Таким образом, как интенсивность, так и распространенность фактора, связанного с
гибелью сослуживцев, была выше других. Полученные боевые травмы только у 56
(58,9%) пациентов воздействовали на психологическое состояние (от 1 до 5
баллов), и это отчетливо зависело от степени тяжести полученных ранений (F=16,1;
p=0,0001).
При сопоставлении психологической оценки и восприятия стресса с
возрастом ветеранов боевых действий на период их тщательного
медико-психологического обследования в госпитале для ветеранов войн, проводимого
уже через несколько лет после окончания участия в боевых действиях, получены
весьма интересные результаты (рис. 11). На представленном графике видно, что в
возрасте старше 60 лет бывшие боевые стресс-факторы оказывали несколько более
интенсивное воздействие на психологическое состояние ветерана при воспоминаниях
об участии в войне, поддерживая тем самым организм в состоянии хронического
стресса. В то же время у ветеранов в возрасте до 30 лет гибель сослуживцев в
качестве стресс-фактора имела более высокую интенсивность, чем в 51-60 лет (р=0,03).

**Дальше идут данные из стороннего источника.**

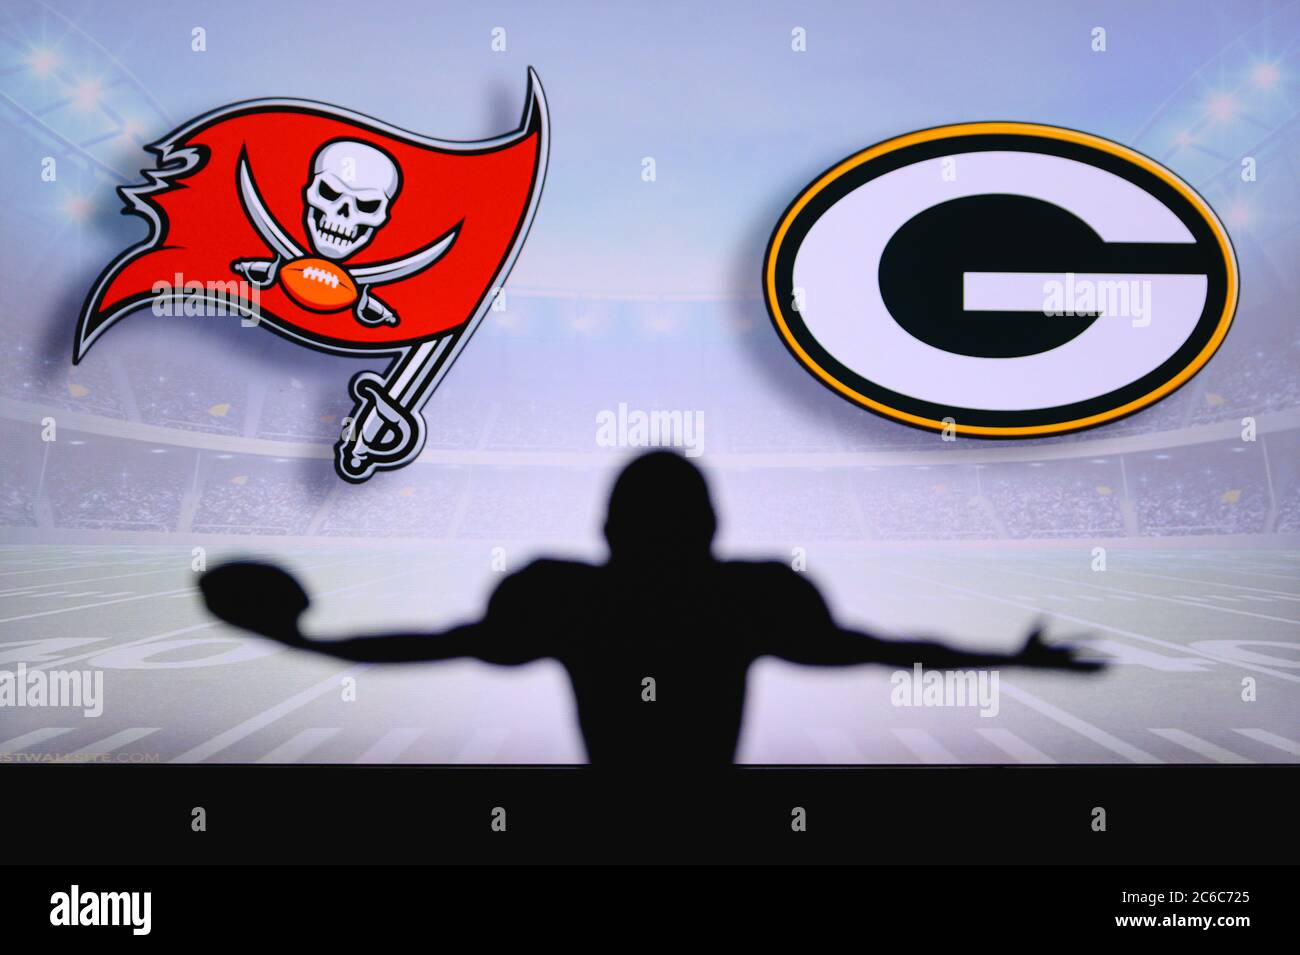 tampa bay buccaneers green bay packers tickets

Рис. 11. Оценка интенсивности боевых стресс-факторов (баллы) в
исследуемых возрастных группах.
Примечание: вертикальная ось – интенсивность факторов,
горизонтальная – возрастные группы на момент исследования (1- 24-30 лет, 2-
31-40 лет, 3- 41-50лет, 4- 51-60лет, 5- старше 60 лет).
С учетом того, что каждая война в своем плане уникальна по
факторам, определяющим боевой стресс, по их интенсивности и возможным
последствиям (Китаев-Смык Л.А., 2009), нами было проведено сопоставление
названных моментов среди бывших участников двух вооруженных конфликтов - в
Афганистане и на Северном Кавказе (табл. 5).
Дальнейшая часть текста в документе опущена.